What the task requires> For every line below, restate it exactly and drop the images.

Given data>
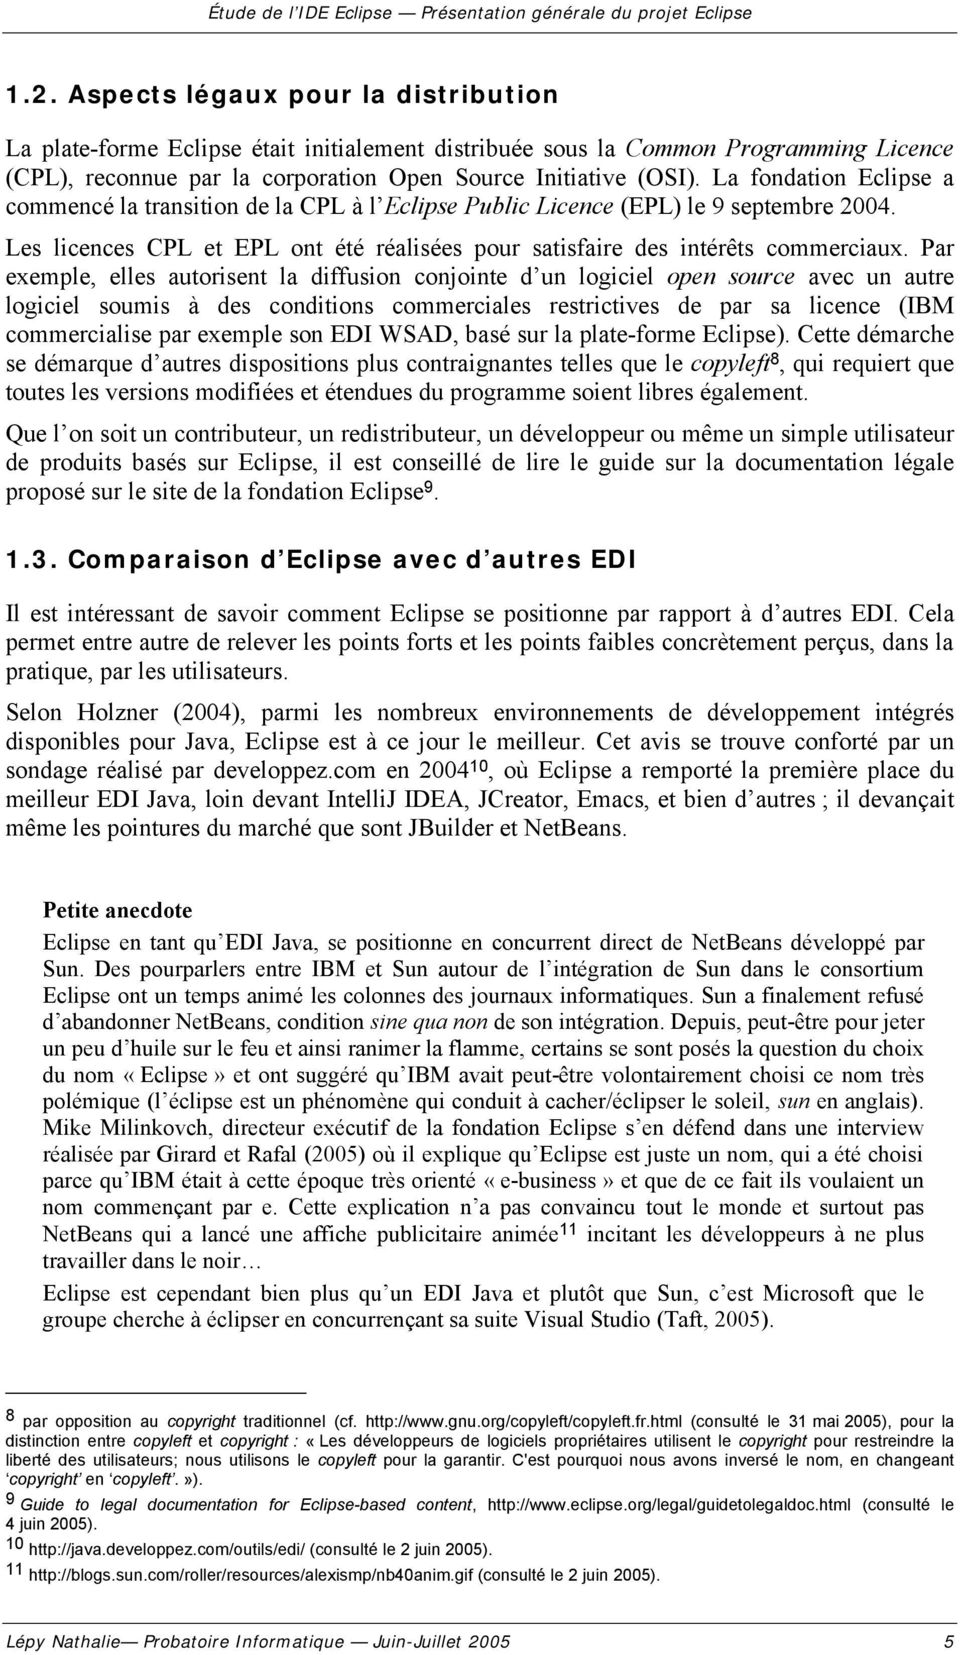 La fondation Eclipse a commencé la transition de la CPL à l Eclipse Public Licence (EPL) le 9 septembre 2004. Les licences CPL et EPL ont été réalisées pour satisfaire des intérêts commerciaux.
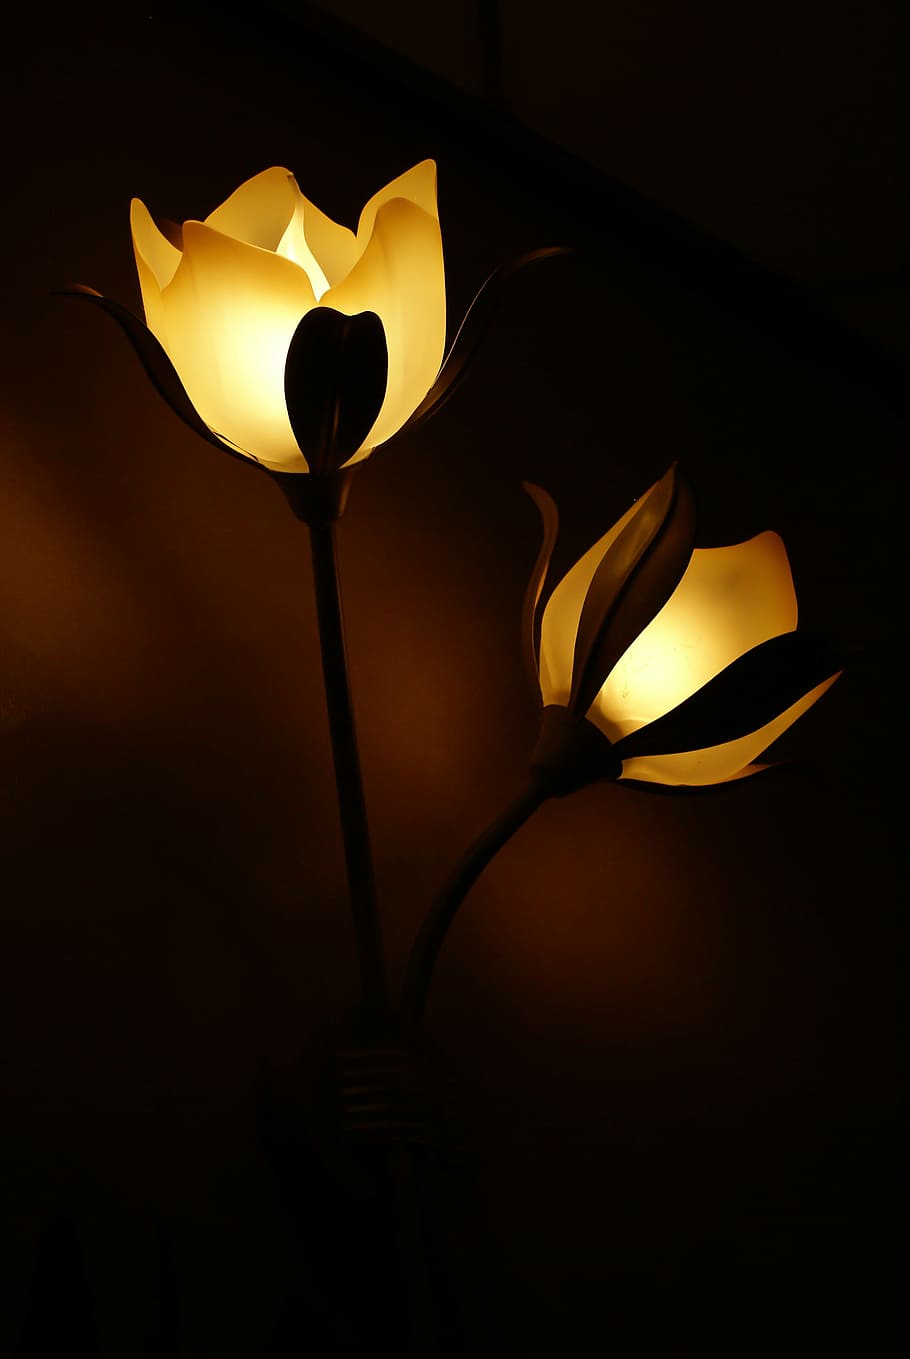 two, yellow, lighted, flower lamps, lamp, flower, light, lamps, lighting, dark
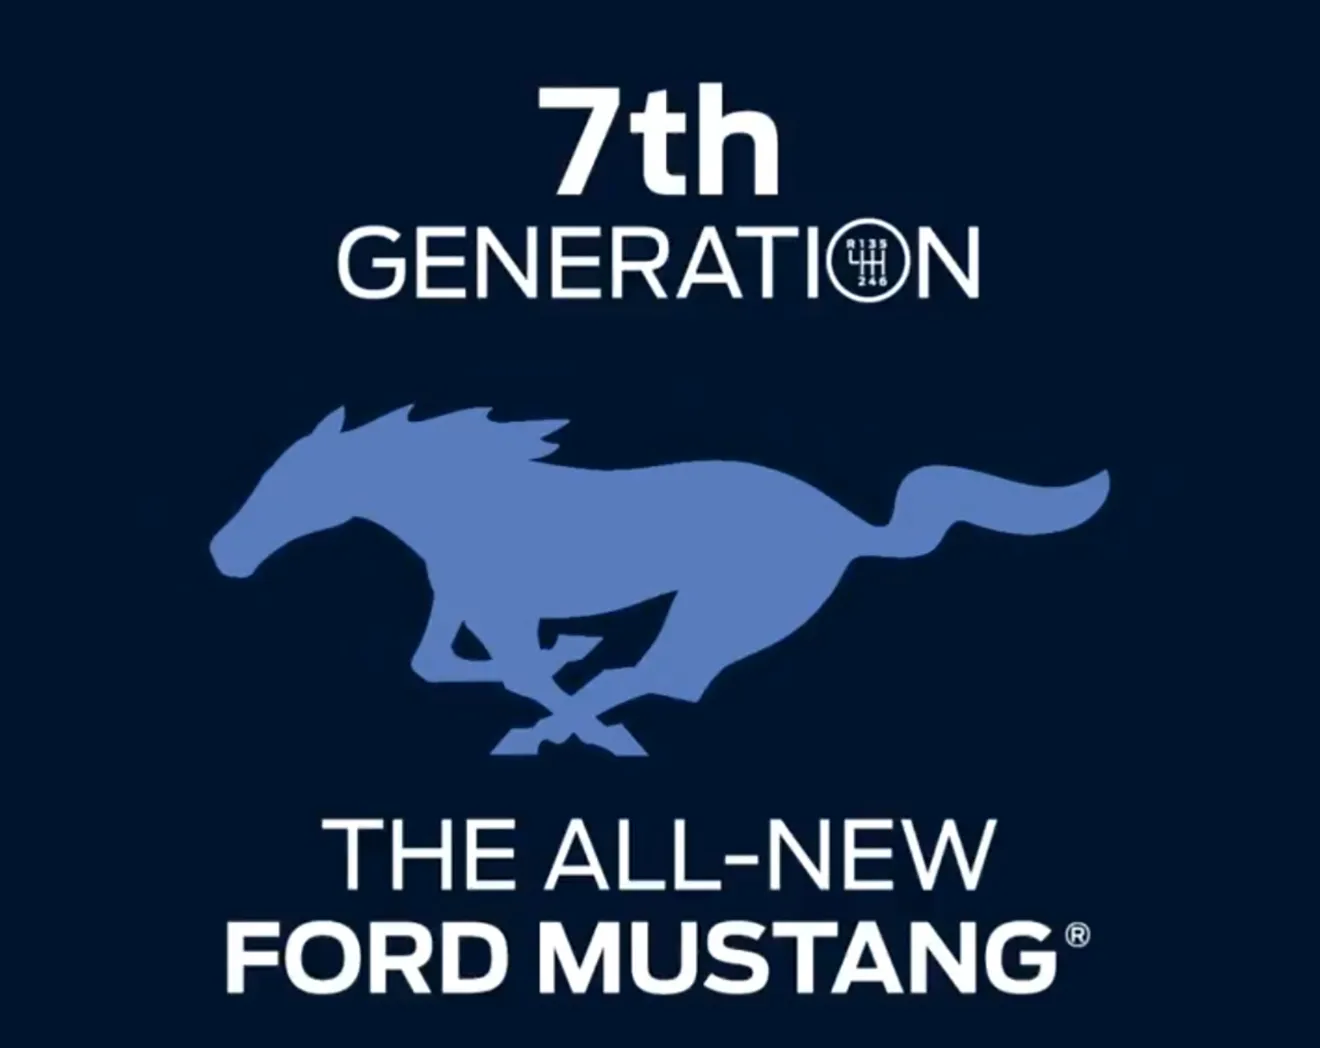 El adelanto del nuevo Ford Mustang S650 revela un interesante detalle

Your response>
 La fondation Eclipse a commencé la transition de la CPL à l Eclipse Public Licence (EPL) le 9 septembre 2004. Les licences CPL et EPL ont été réalisées pour satisfaire des intérêts commerciaux.
 two, yellow, lighted, flower lamps, lamp, flower, light, lamps, lighting, dark
 El adelanto del nuevo Ford Mustang S650 revela un interesante detalle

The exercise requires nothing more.